PeptideTrace tracks 21 registered clinical trials for Elamipretide sourced from ClinicalTrials.gov.
An Intermediate Size Expanded Access Protocol of Elamipretide
Clinical Trial in Patients With Barth Syndrome- 4TAZPower
Study of Healthy Aging and Physical Function With Elamipretide
ReNEW:Phase 3 Study of Efficacy, Safety & Pharmacokinetics of Subcutaneous Injections of Elamipretide in Subjects With Dry Age-Related Macular Degeneration (Dry AMD)
Study to Evaluate Efficacy and Safety of Elamipretide in Subjects With Primary Mitochondrial Disease From Nuclear DNA Mutations (nPMD)
FDA ORIG 1
Elamipretide (brand name FORZINITY) is a cell-permeable mitochondria-targeted tetrapeptide with the sequence D-Arg-Dmt-Lys-Phe-NH2 (4 amino acids), developed by Stealth BioTherapeutics. Molecular weight 639.8 Da (free base); 749.2 Da as HCl salt. CAS number: 736992-21-5. This entry covers the FDA-approved commercial formulation. Elamipretide received FDA accelerated approval on September 19, 2025 for improving muscle strength in adults and pediatric patients with Barth syndrome weighing at least 30 kg, making it the first FDA-approved mitochondria-targeted therapeutic. Dosing: 40 mg subcutaneous injection daily.

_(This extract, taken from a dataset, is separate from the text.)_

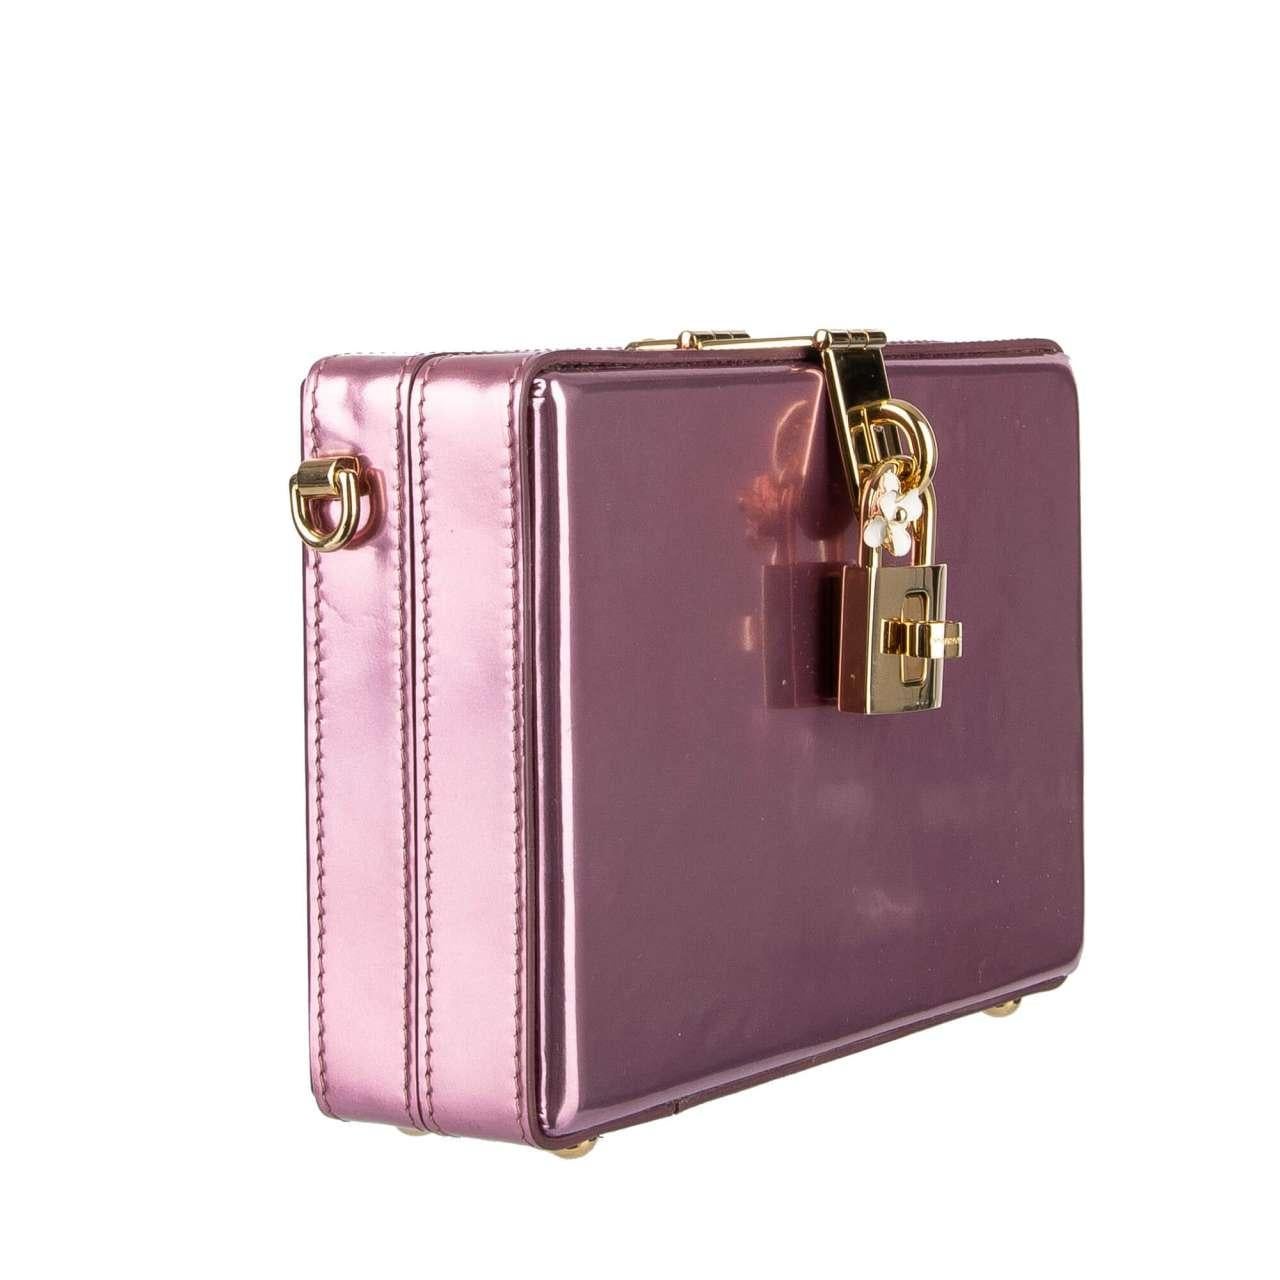 Dolce & Gabbana - Laminated Metallic Leather Bag DOLCE BOX Rose Pink In Excellent Condition For Sale In Erkrath, DE

Elamipretide selectively and reversibly binds cardiolipin on the mitochondrial inner membrane, stabilizing cristae structure and respiratory chain supercomplexes. This improves electron transport chain efficiency, enhances oxidative phosphorylation coupling, increases ATP production, and reduces pathological reactive oxygen species formation. In Barth syndrome, caused by TAFAZZIN gene mutations leading to defective cardiolipin remodeling, elamipretide directly ameliorates the fundamental bioenergetic defect.
The TAZPOWER pivotal trial (NCT03098797; N=12; randomized crossover plus 168-week open-label extension) formed the basis for FDA approval. The randomized 12-week crossover phase did not meet its primary endpoints for 6-minute walk test or fatigue score. However, the open-label extension demonstrated durable improvements: knee extensor strength increased by more than 45% (median +63 newtons at week 168), 6-minute walk test improved by +96.1 meters representing approximately 60% improvement (P=0.003), and left ventricular volumes improved by more than 40% indicating reverse cardiac remodeling. Natural history comparison study SPIBA-001 (N=8 versus 19 controls) showed 6MWT difference of 79.7 meters at week 64 (P=0.0004).